### ASSIGNMENT
The output should match, line for line, the records from the line containing "東芝 石窯ドームER-SD3000過熱水蒸気オーブンレンジ" through the line containing "Ông Bàn Văn", with every picture left out.

### RECORDS SHOWN
BEGIN
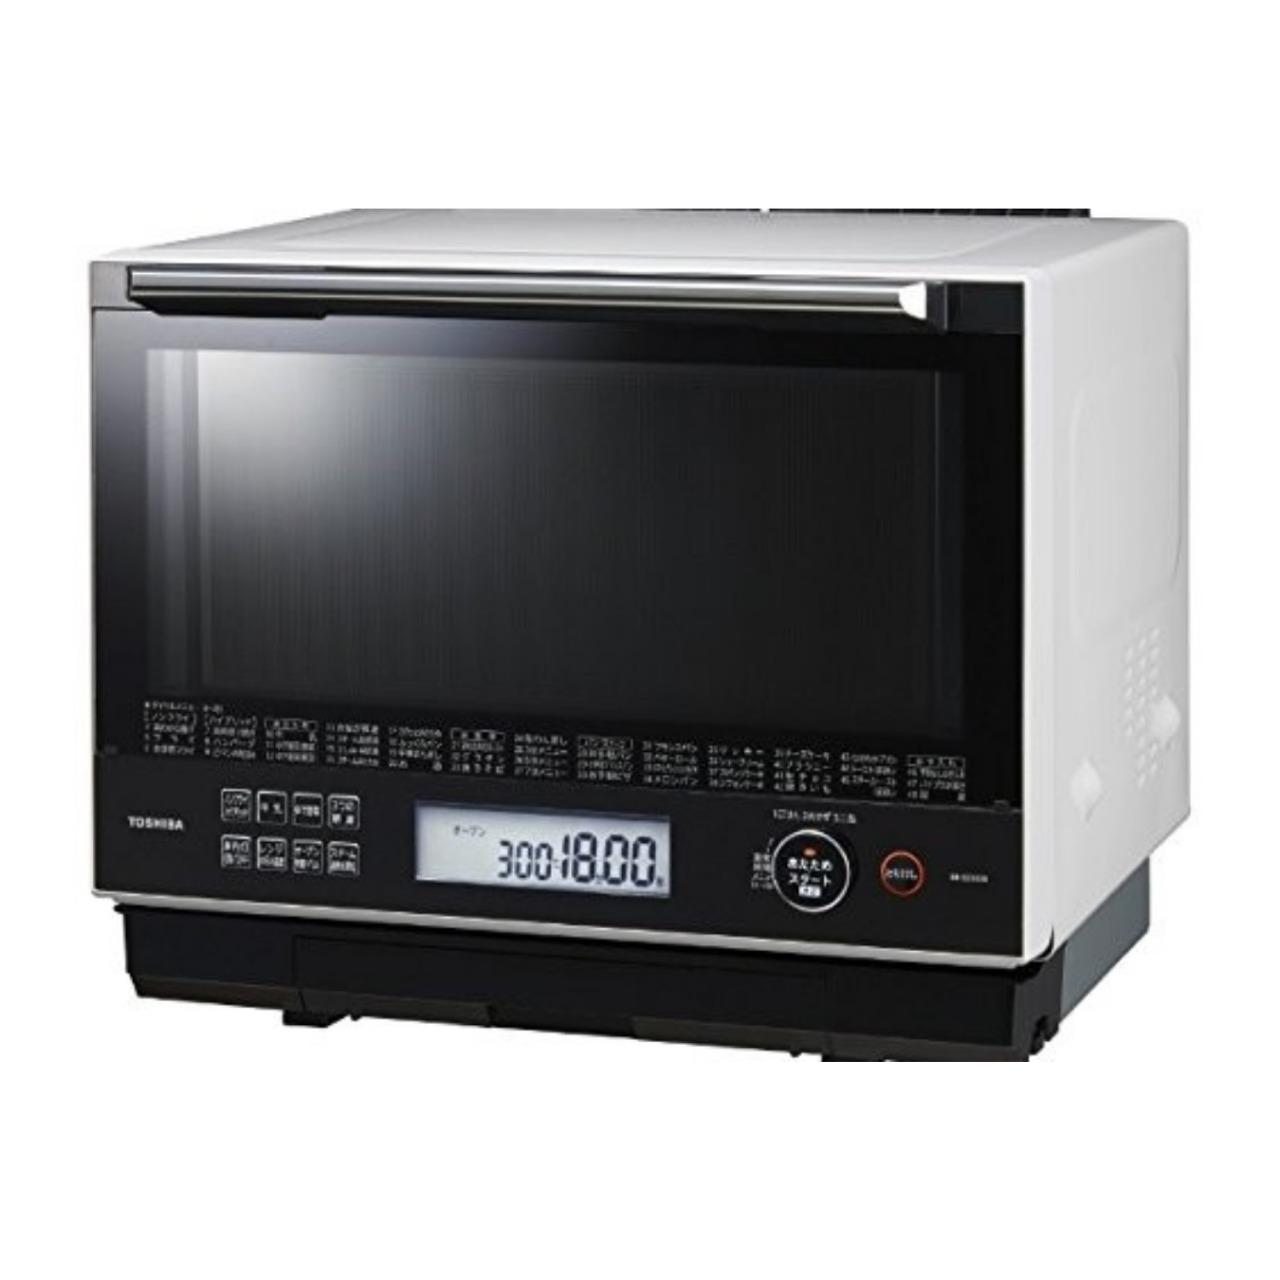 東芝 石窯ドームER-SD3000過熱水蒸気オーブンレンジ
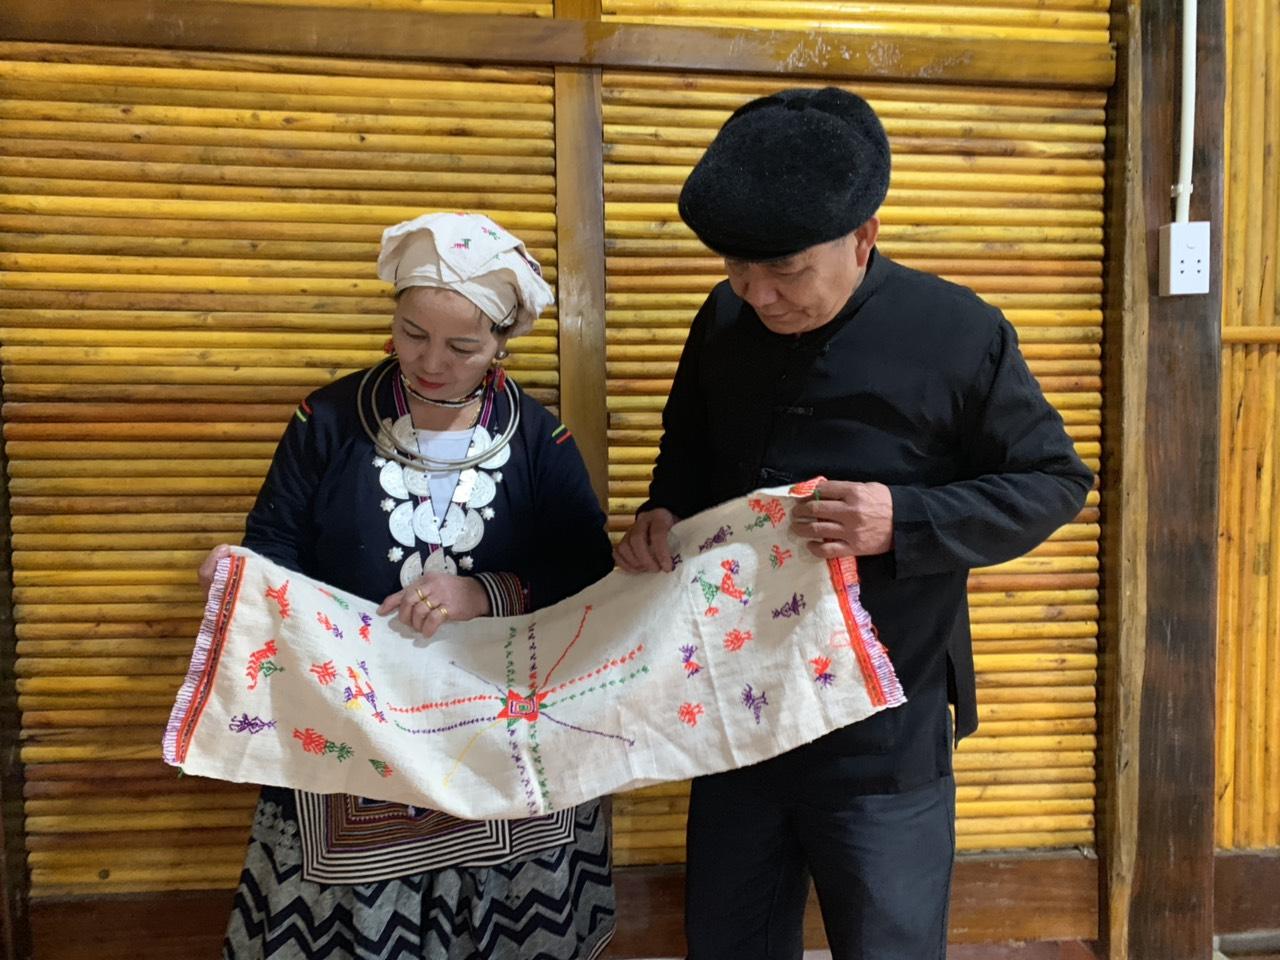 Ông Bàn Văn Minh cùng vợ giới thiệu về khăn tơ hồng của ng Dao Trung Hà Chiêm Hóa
END
BEGIN
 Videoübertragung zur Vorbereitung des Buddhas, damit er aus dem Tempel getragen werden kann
END
### PROBLEM SOLUTION
 東芝 石窯ドームER-SD3000過熱水蒸気オーブンレンジ
 Ông Bàn Văn Minh cùng vợ giới thiệu về khăn tơ hồng của ng Dao Trung Hà Chiêm Hóa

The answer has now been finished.